In his Astronomia nova (1609), Johannes Kepler proposed an attractive force of limited radius between any "kindred" bodies:
Gravity is a mutual corporeal disposition among kindred bodies to unite or join together; thus the earth attracts a stone much more than the stone seeks the earth. (The magnetic faculty is another example of this sort).... If two stones were set near one another in some place in the world outside the sphere of influence of a third kindred body, these stones, like two magnetic bodies, would come together in an intermediate place, each approaching the other by a space proportional to the bulk [moles] of the other....
Kepler claimed that if the Earth and Moon were not held apart by some force they would come together. He recognized that mechanical forces cause action, resulting in a more modern view of planetary motion, in his view a celestial machine. On the other hand Kepler viewed the force of the Sun on the planets as magnetic and acting tangential to their orbits and he assumed with Aristotle that inertia meant objects tend to come to rest.

=== Giovanni Borelli ===

In 1666, Giovanni Alfonso Borelli avoided the key problems that limited Kepler. By Borelli's time the concept of inertia had its modern meaning as the tendency of objects to remain in uniform motion and he viewed the Sun as just another heavenly body. Borelli developed the idea of mechanical equilibrium, a balance between inertia and gravity. Newton cited Borelli's influence on his theory.

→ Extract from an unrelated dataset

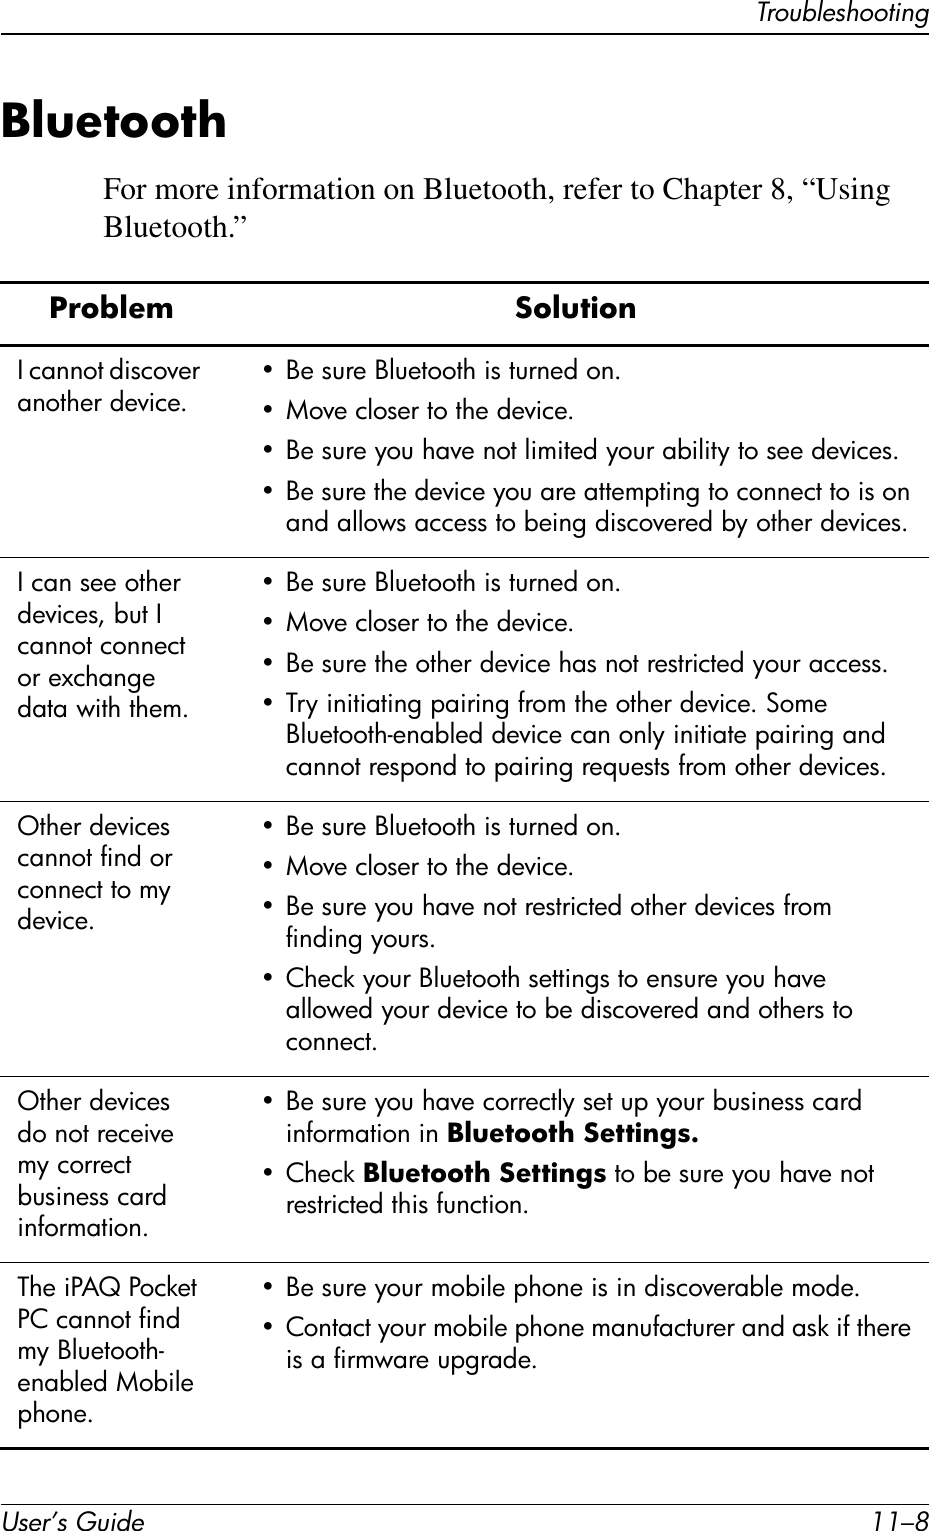 User’s Guide 11–8TroubleshootingBluetoothFor more information on Bluetooth, refer to Chapter 8, “Using Bluetooth.”Problem SolutionI cannot discover another device.• Be sure Bluetooth is turned on.• Move closer to the device.• Be sure you have not limited your ability to see devices.• Be sure the device you are attempting to connect to is on and allows access to being discovered by other devices.I can see other devices, but I cannot connect or exchange data with them.• Be sure Bluetooth is turned on.• Move closer to the device.• Be sure the other device has not restricted your access.• Try initiating pairing from the other device. Some Bluetooth-enabled device can only initiate pairing and cannot respond to pairing requests from other devices.Other devices cannot find or connect to my device.• Be sure Bluetooth is turned on.• Move closer to the device.• Be sure you have not restricted other devices from finding yours.• Check your Bluetooth settings to ensure you have allowed your device to be discovered and others to connect.Other devices do not receive my correct business card information.• Be sure you have correctly set up your business card information in Bluetooth Settings.•Check Bluetooth Settings to be sure you have not restricted this function.The iPAQ Pocket PC cannot find my Bluetooth- enabled Mobile phone.• Be sure your mobile phone is in discoverable mode.• Contact your mobile phone manufacturer and ask if there is a firmware upgrade.

=== Evangelista Torricelli ===
A disciple of Galileo, Evangelista Torricelli reiterated Aristotle's model involving a gravitational centre, adding his view that a system can only be in equilibrium when the common centre itself is unable to fall.

The relation of the distance of objects in free fall to the square of the time taken was confirmed by Francesco Maria Grimaldi and Giovanni Battista Riccioli between 1640 and 1650. They also made a calculation of the gravity of Earth constant by recording the oscillations of a pendulum.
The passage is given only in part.